DATASET CONTENT Start Marker

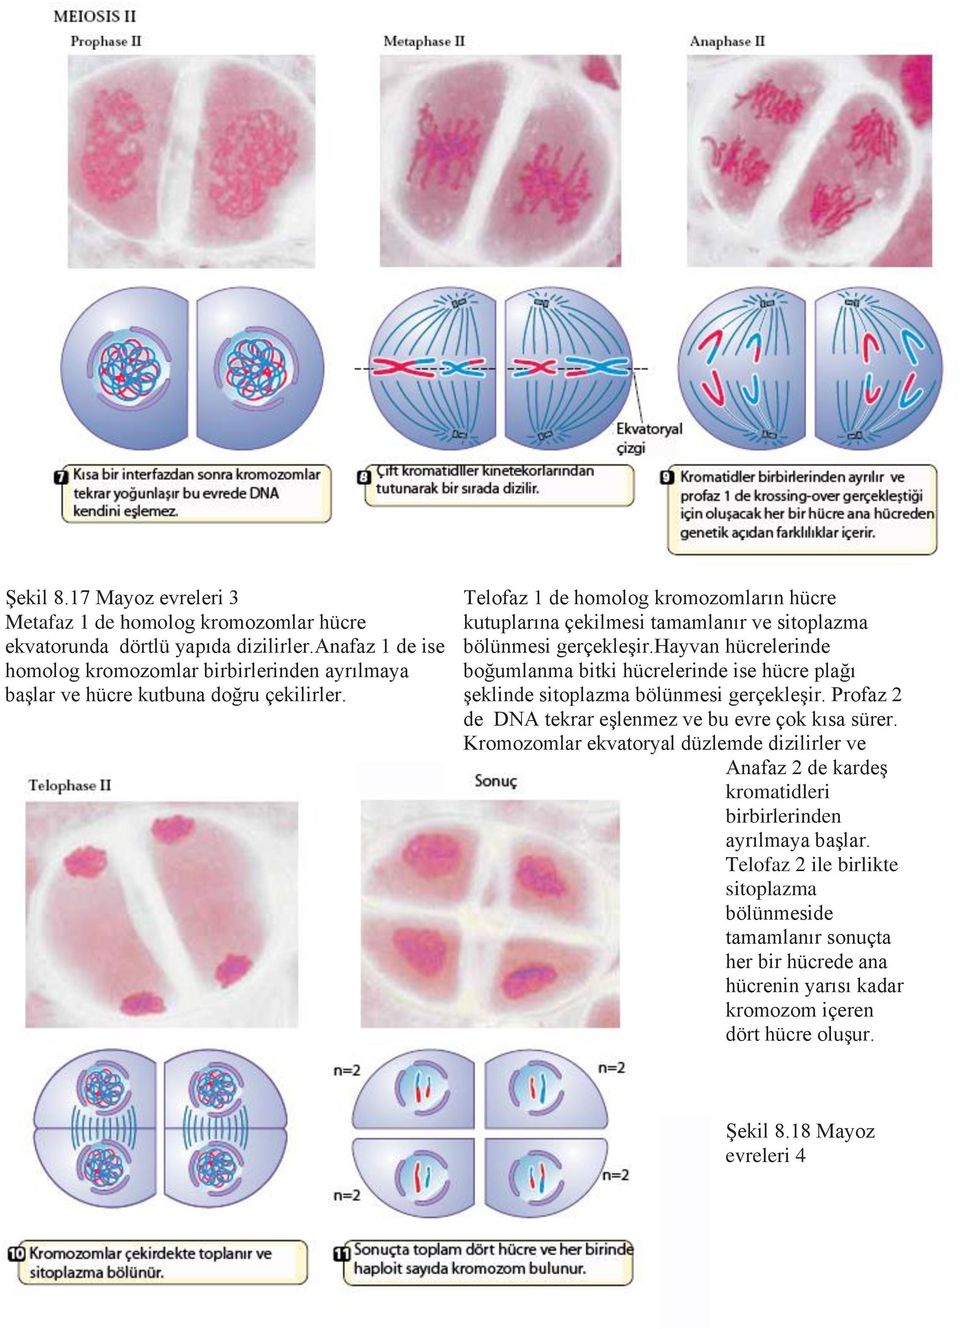 Telofaz 1 de homolog kromozomların hücre kutuplarına çekilmesi tamamlanır ve sitoplazma bölünmesi gerçekleşir.
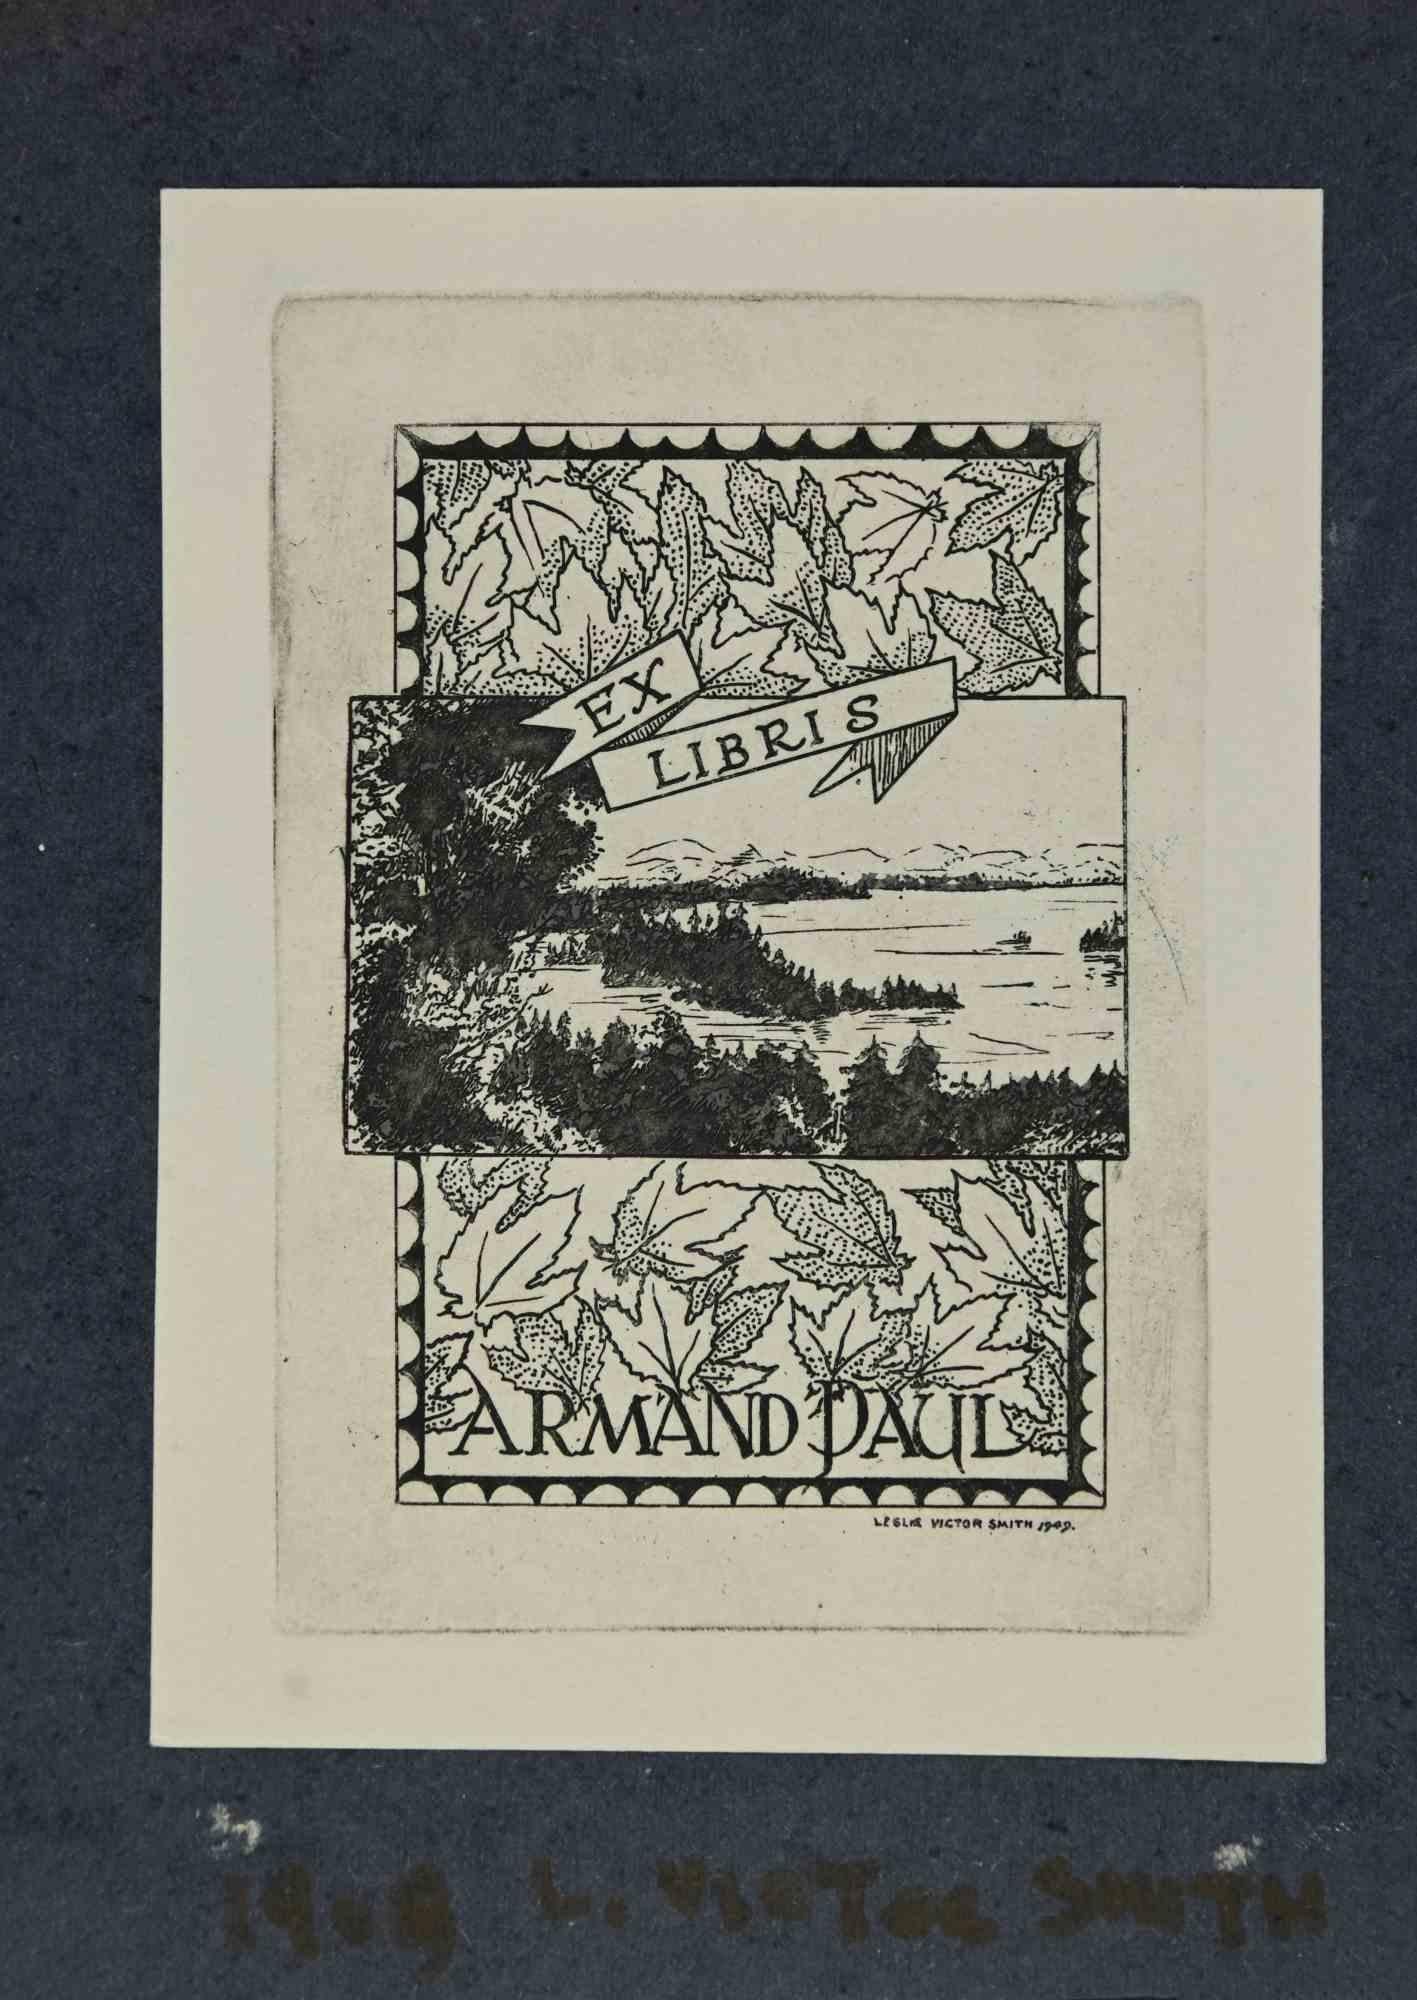 Ex-Libris - Armand Paul ist ein Kunstwerk des Künstlers Leslie Victor Smith aus dem Jahr 1909. 

Holzschnitt auf Elfenbeinpapier.  In der Platte signiert und am unteren Rand datiert. 

Das Werk ist auf Karton geklebt. Gesamtabmessungen: 16x 11,5

DATASET CONTENT End Marker

From the line with "Ex-Libris - Armand" through the end of the listing, write out every line exactly, leaving out the pictures.

 Ex-Libris - Armand Paul ist ein Kunstwerk des Künstlers Leslie Victor Smith aus dem Jahr 1909. 

Holzschnitt auf Elfenbeinpapier.  In der Platte signiert und am unteren Rand datiert. 

Das Werk ist auf Karton geklebt. Gesamtabmessungen: 16x 11,5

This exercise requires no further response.